These discrepancies often occur with subtle fractures on radiographs; these fractures are typically at higher risk of being missed. Non-displaced fractures, poorly projected fractures, and fractures obscured by anatomic overlap all increase the likelihood of an error occurring.

Numerous publications have consistently reported the same reasons for missed fractures on radiographs: perceptual errors, incomplete projections, anatomic overlap, distracting background pathology, and failure to adjust clinically when the radiographic findings do not align with the clinical picture.¹ ² ³

Missed fractures can occur in any trauma imaging pathway; however, the risk is higher when trauma radiographs are interpreted by a general radiologist, emergency physician, junior reader, or trauma review team composed of varying levels of expertise than when interpreted by a musculoskeletal subspecialty radiologist at the site of care.

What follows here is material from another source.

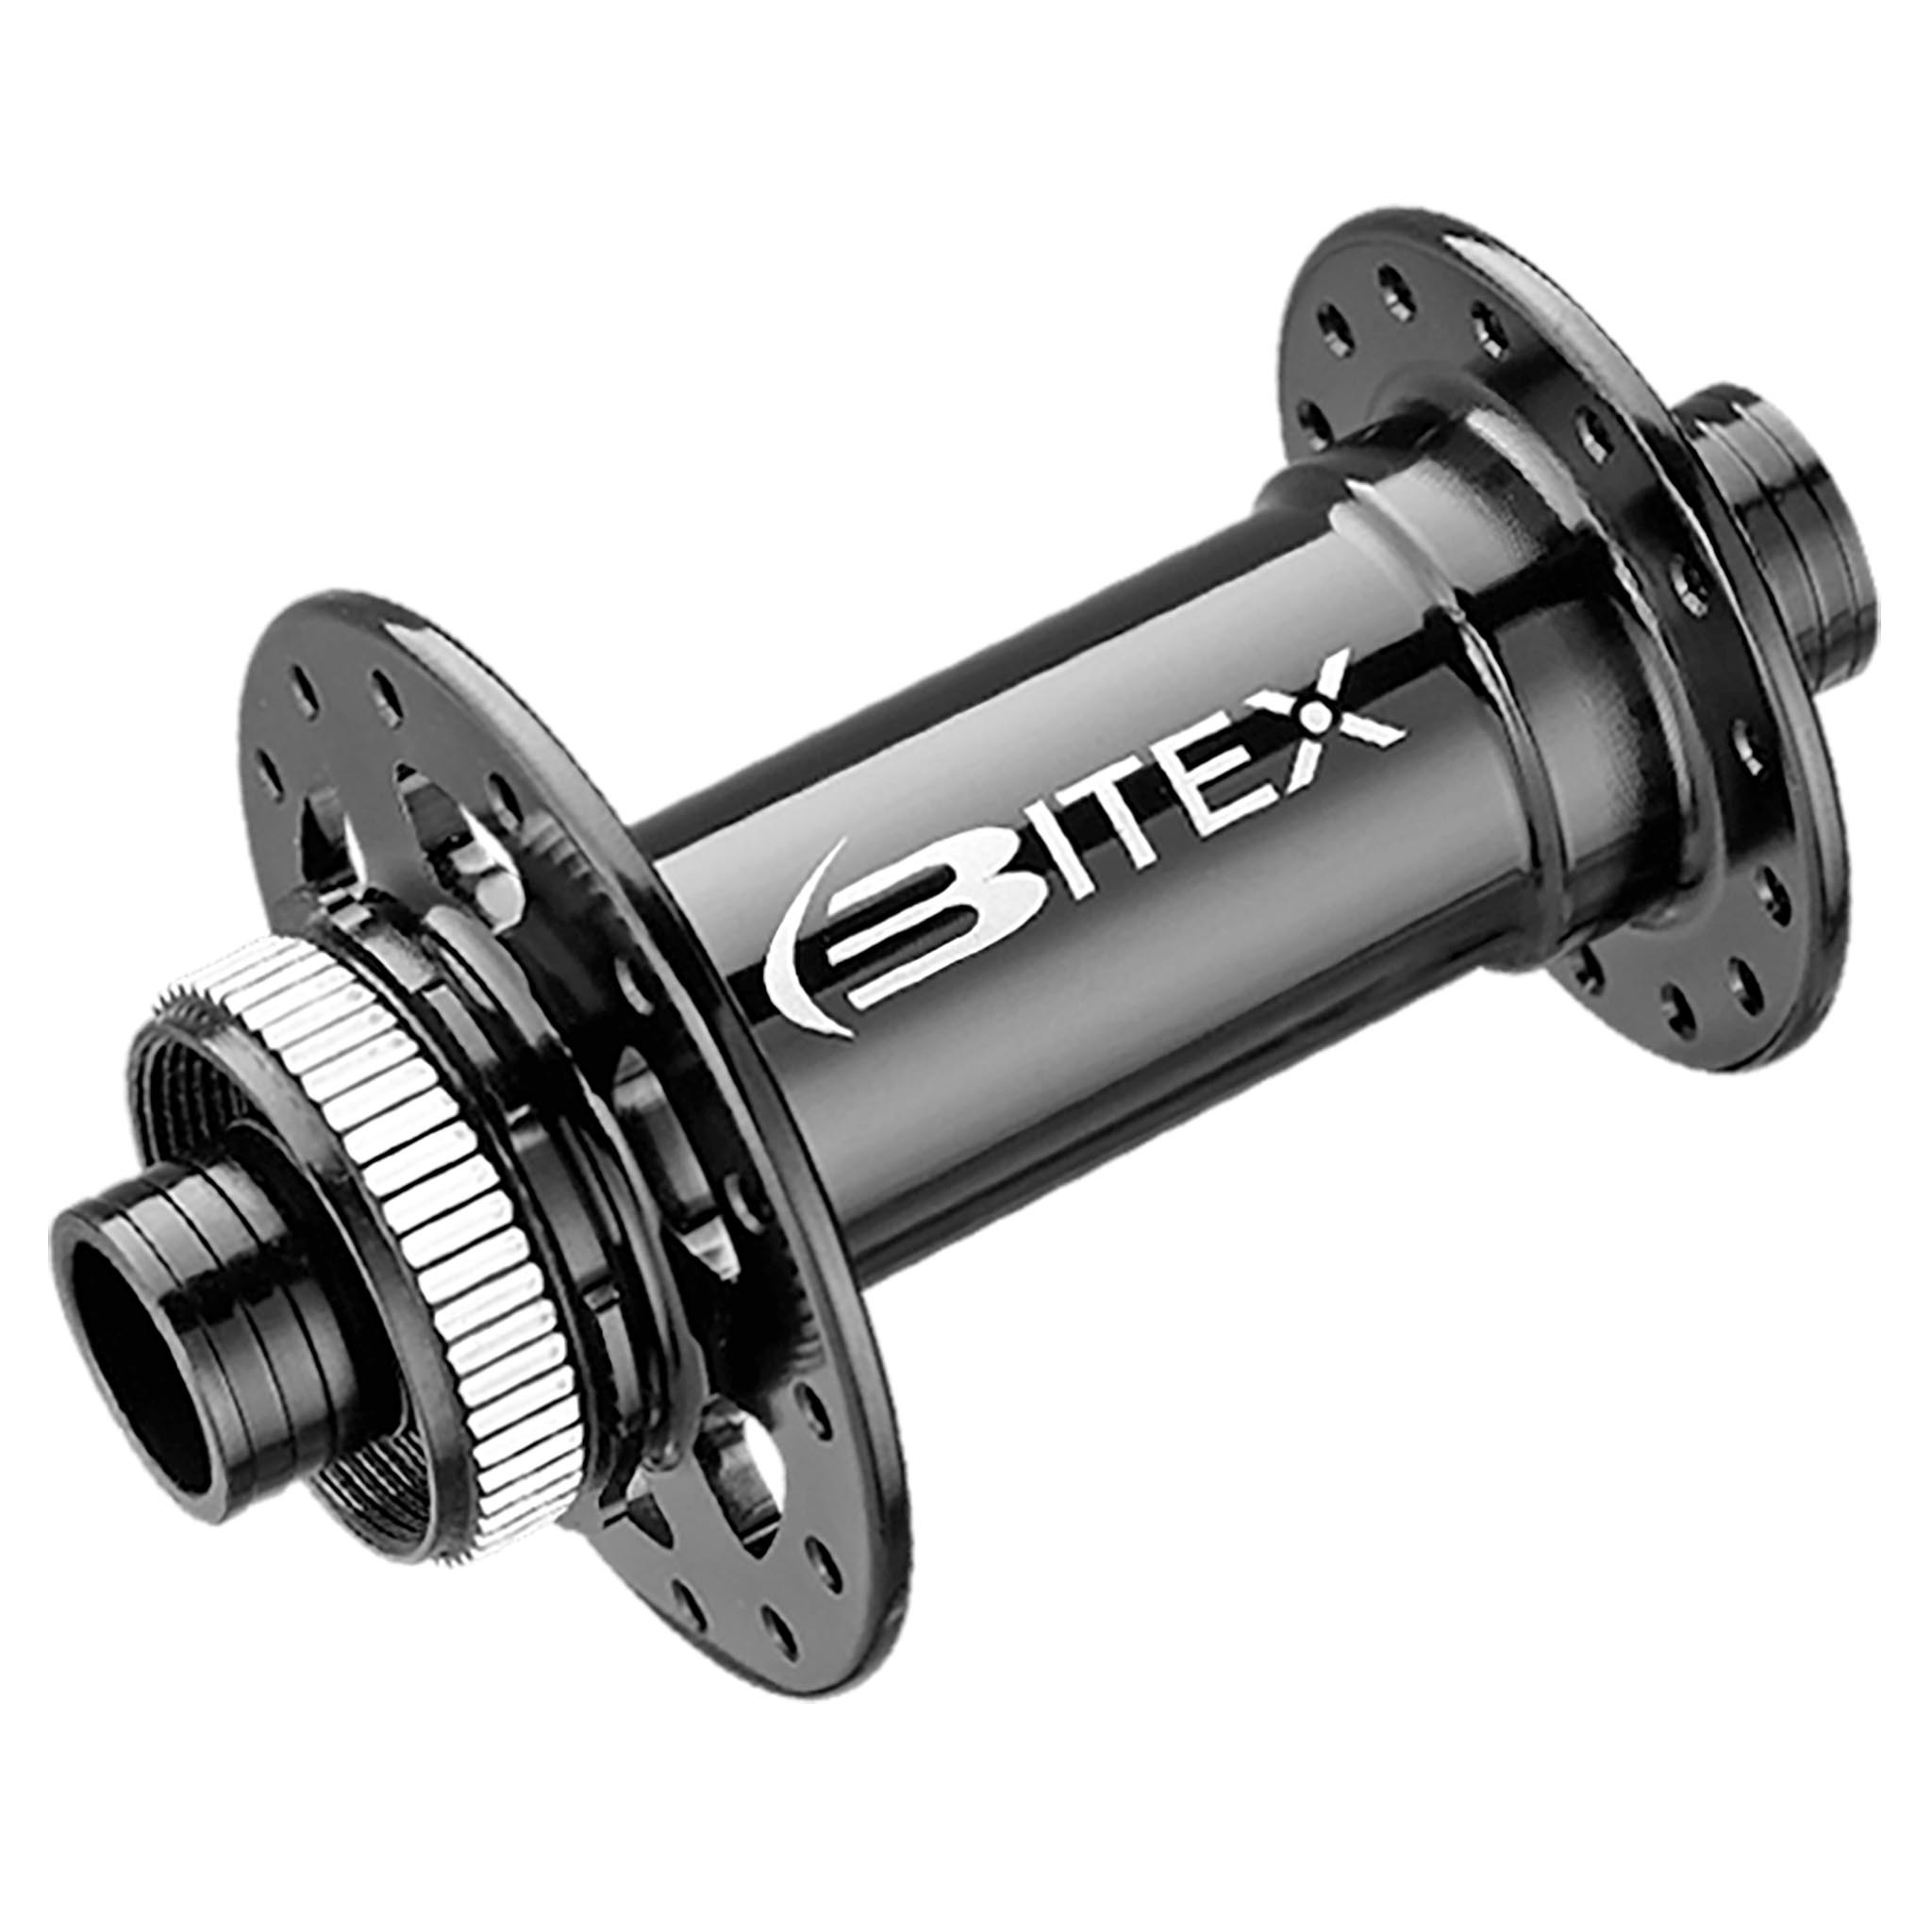 Bitex Disc Hub Front, CL (BX212F) 15x110mm Boost, 32h, Black

At smaller institutions, the initial reading of a trauma radiograph is typically performed in the emergency department due to time constraints, limited patient history, and variable levels of expertise with little or no immediate musculoskeletal subspecialty support.

The central question is whether artificial intelligence can be used to help mitigate the number of missed fractures by improving the review of trauma X-rays or standardizing trauma X-ray interpretation through the reduction of variation in the workflow process and levels of expertise.¹ ⁴ ¹⁰

The current guidance for AI in radiology is that, before use in a given clinical setting, AI should be examined for its intended use, fit with the workflow process, performance in testing conditions that match actual use, and whether human supervision would still be required.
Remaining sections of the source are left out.